JFK | 1991
- DIRECTOR |
- Oliver Stone
Somehow, Oliver Stone got permission to use many actual sites for his contentious film about events surrounding the assassination of President John F Kennedy on November 22, 1963. They're mostly divided between Dallas, Texas, where the President was killed, and New Orleans, Louisiana, where DA Jim Garrison (Kevin Costner) investigates the possible machinations of behind-the-scenes figures.
You don't have to buy into Garrison/Stone's elaborate theory or even be swayed by conspiracy theories to feel that questions remain about the killing.
The sixth floor of what was then the Texas Book Depository is now the The Sixth Floor Museum at Dealey Plaza, 411 Elm Street, is a fascinating museum telling the various stories of the assassination. Vast amounts of background detail are available on self-operated videos and recorded commentaries and it's an extraordinary place to visit.
The movie does use the old depository building as the spot from which assassin/patsy Lee Harvey Oswald (Gary Oldman) is supposed to have fired the fatal shots. The scene is actually staged one flight up on the Seventh Floor which not only minimised disruption to the museum but fortuitously compensated for the growth of trees outside.
Other genuine locations include the boarding house Oswald (Gary Oldman) occupied in 1962, to which he returned after the shooting (and where police officer JD Tippit was killed), at 1026 North Beckley Avenue, just west of Lake Cliff park, southwest of Downtown Dallas, across the Trinity River Greenbelt Park.
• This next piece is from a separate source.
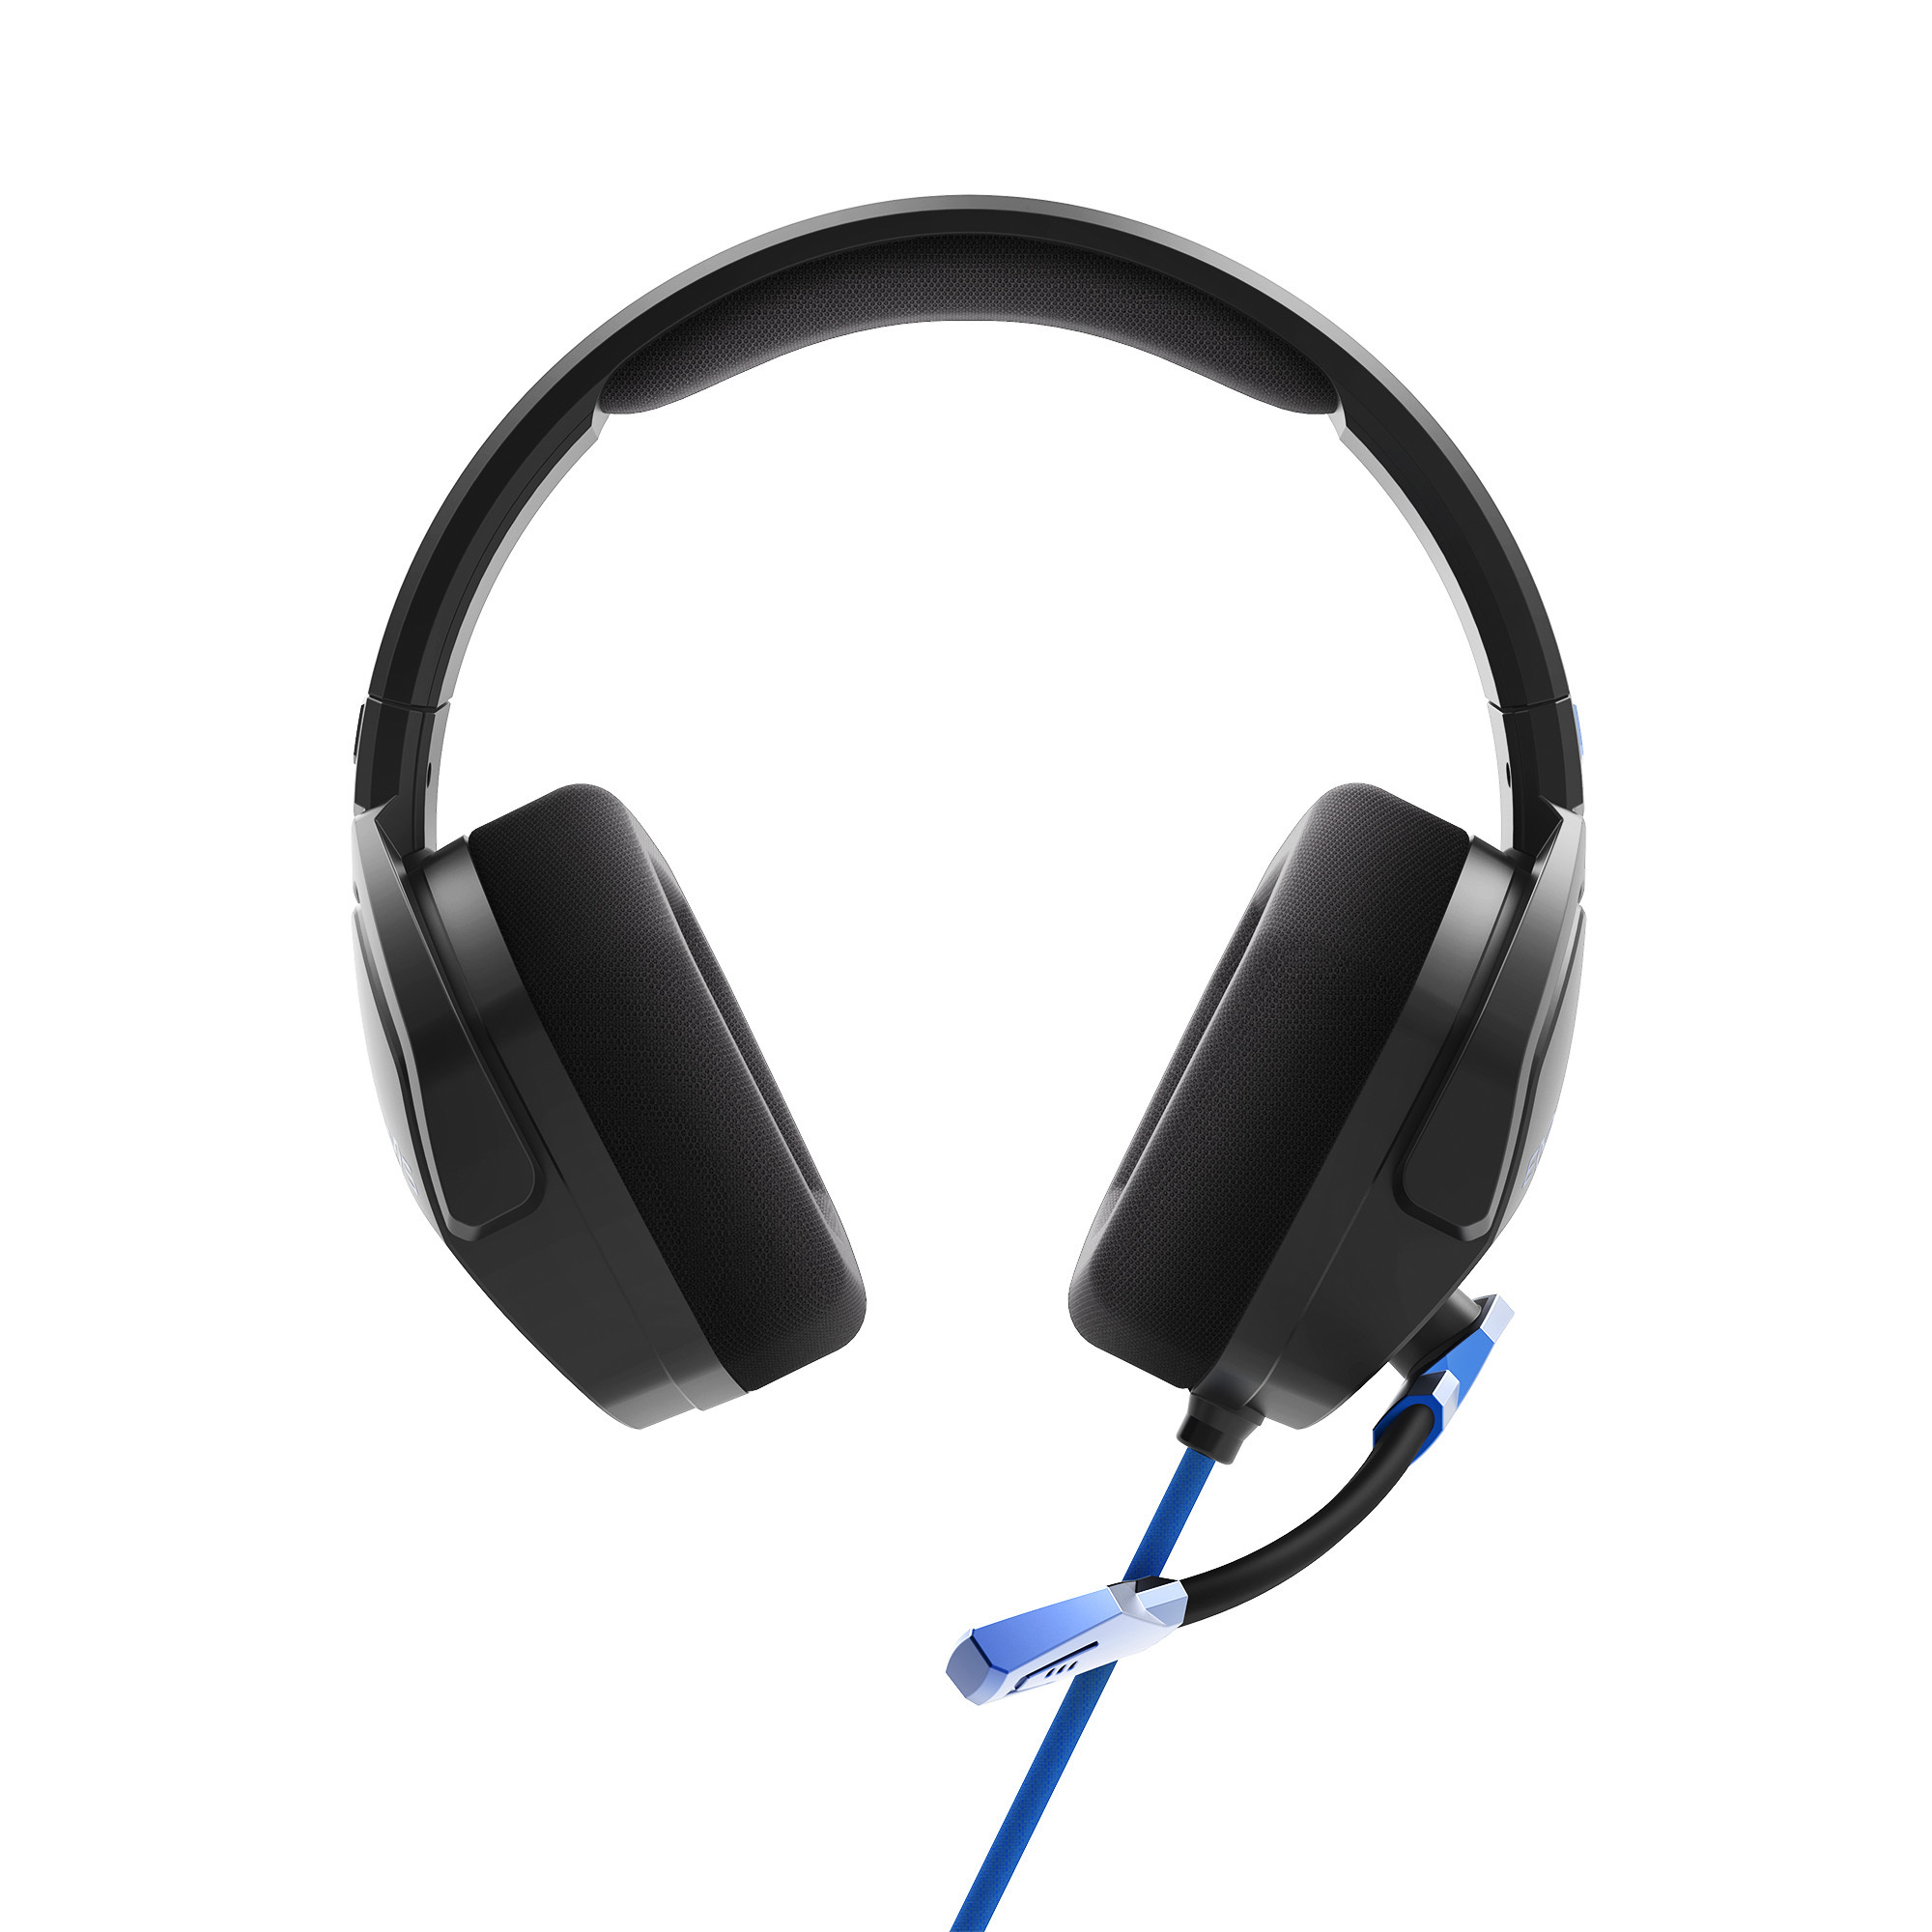 ESG 3 Blue Thunder gaming headset

Oswald is arrested a little to the south, at the Texas Theater, 231 West Jefferson Street at North Zang Boulevard, which is in business to this day.
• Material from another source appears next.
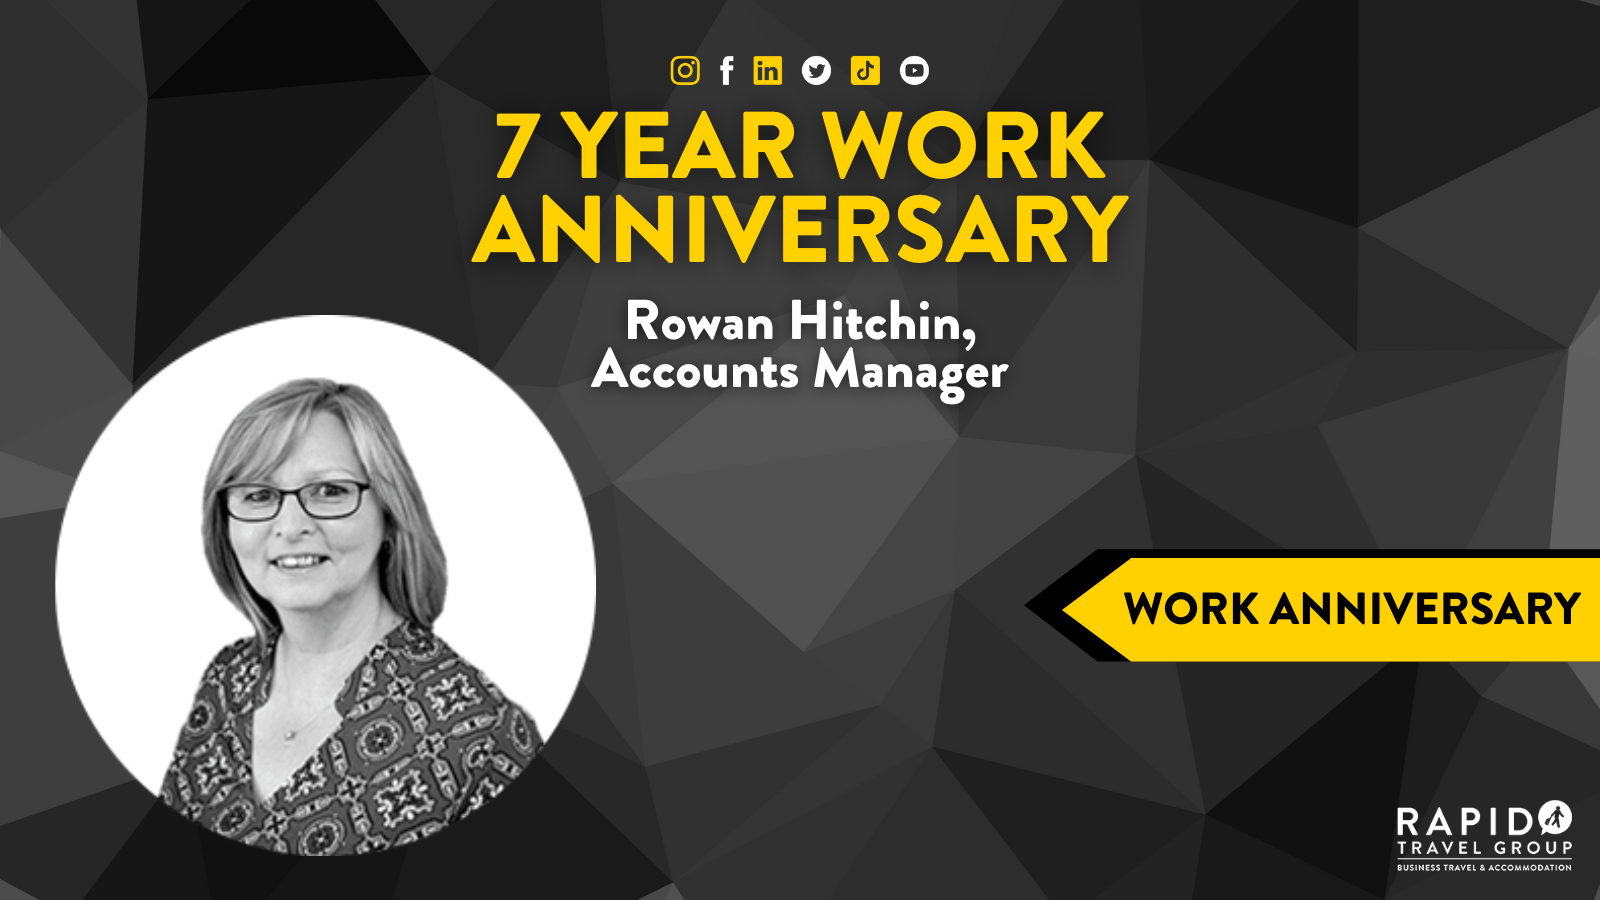 7 Year Work Anniversary: Rowan Hitchin, Accounts Manager

In custody, Oswald is taken to the old Dallas City Jail in the Dallas Municipal Building, South Harwood Street at Main Street, in the basement garage of which he's shot by Jack Ruby.
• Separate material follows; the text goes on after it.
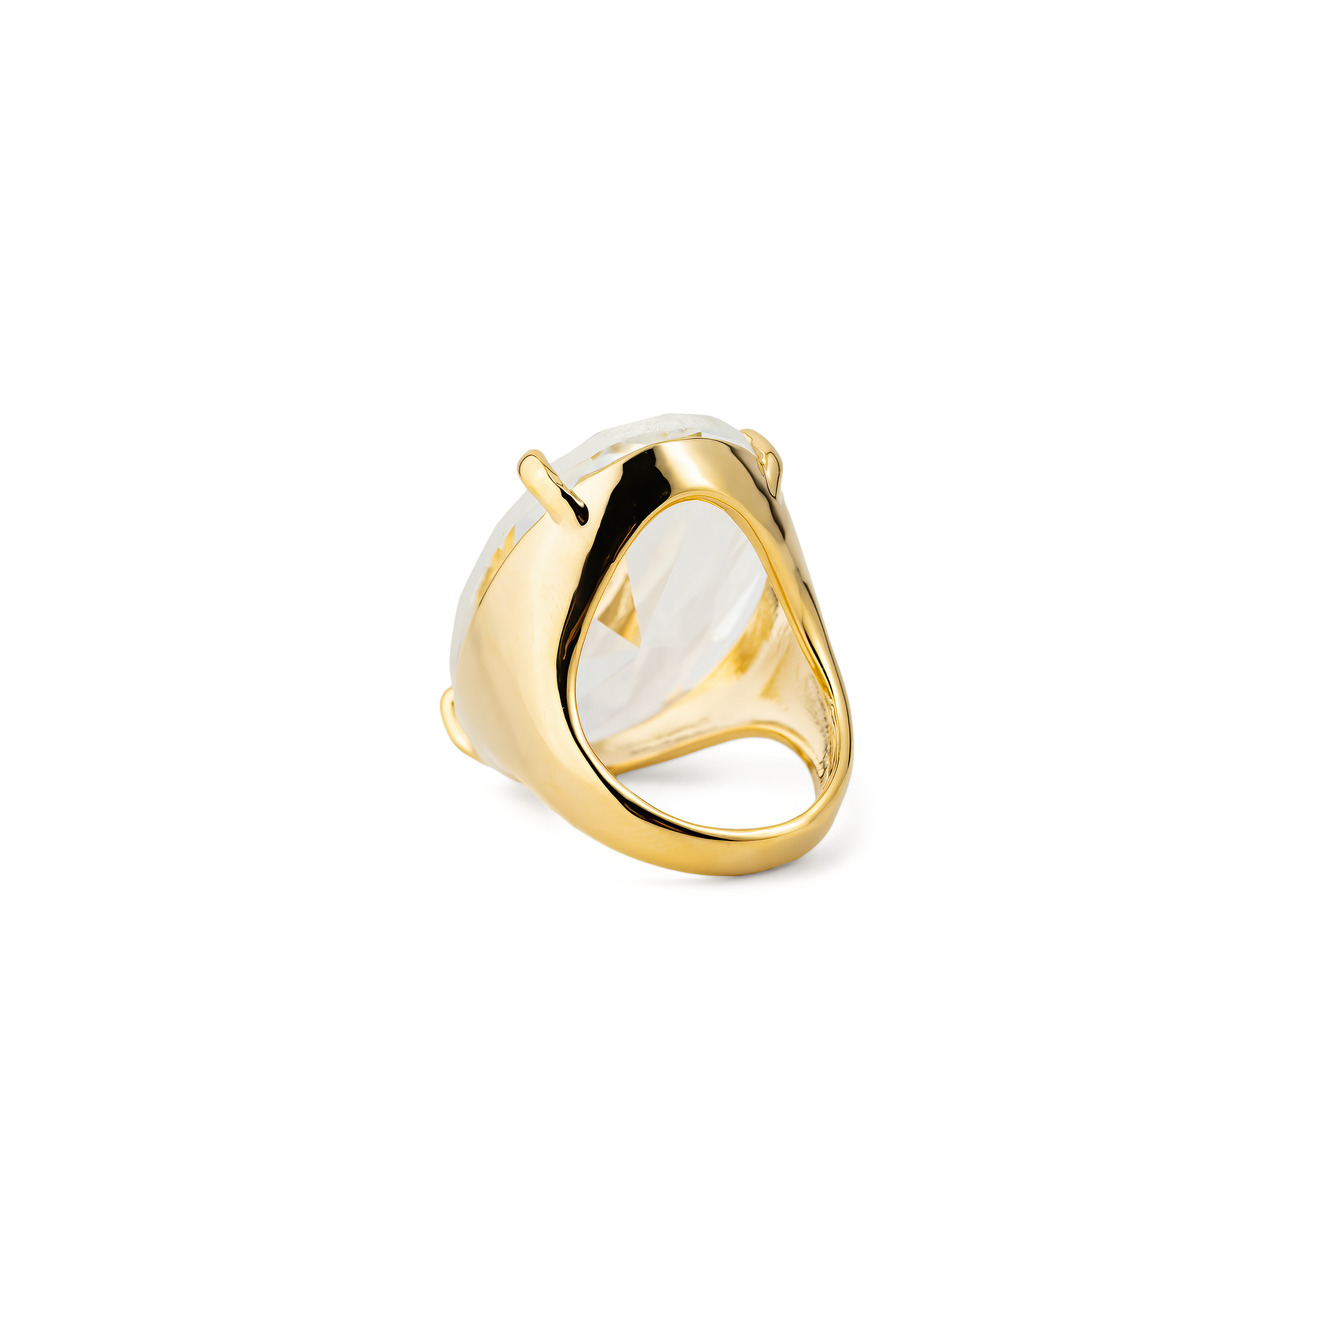 Herald Percy Золотистое кольцо с овальным кристаллом herald percy золотистое фигурное кольцо с зеленым сердцем

Not every location is so real, however. 'Parkland Hospital', to which JFK’s body is taken immediately after the shooting, was St Joseph’s Hospital in Fort Worth, which has since been demolished. Coincidentally, it was in the same Parkland memorial Hospital, 5201 Harry Hines Boulevard, that both Oswald, and later, Ruby dies.
Jack Ruby’s seedy nightclub, The Carousel, is ironically represented by the elegant Venetian Room of the Fairmont Hotel, 1717 North Akard Street at Ross Avenue, downtown Dallas. Newly renovated, the Venetian has hosted celebrities including Marlene Dietrich, Ella Fitzgerald, Ike & Tina Turner, Jerry Lewis and many others.
To New Orleans, where Garrison’s office is in the Louisiana Supreme Court Building, 400 Royal Street.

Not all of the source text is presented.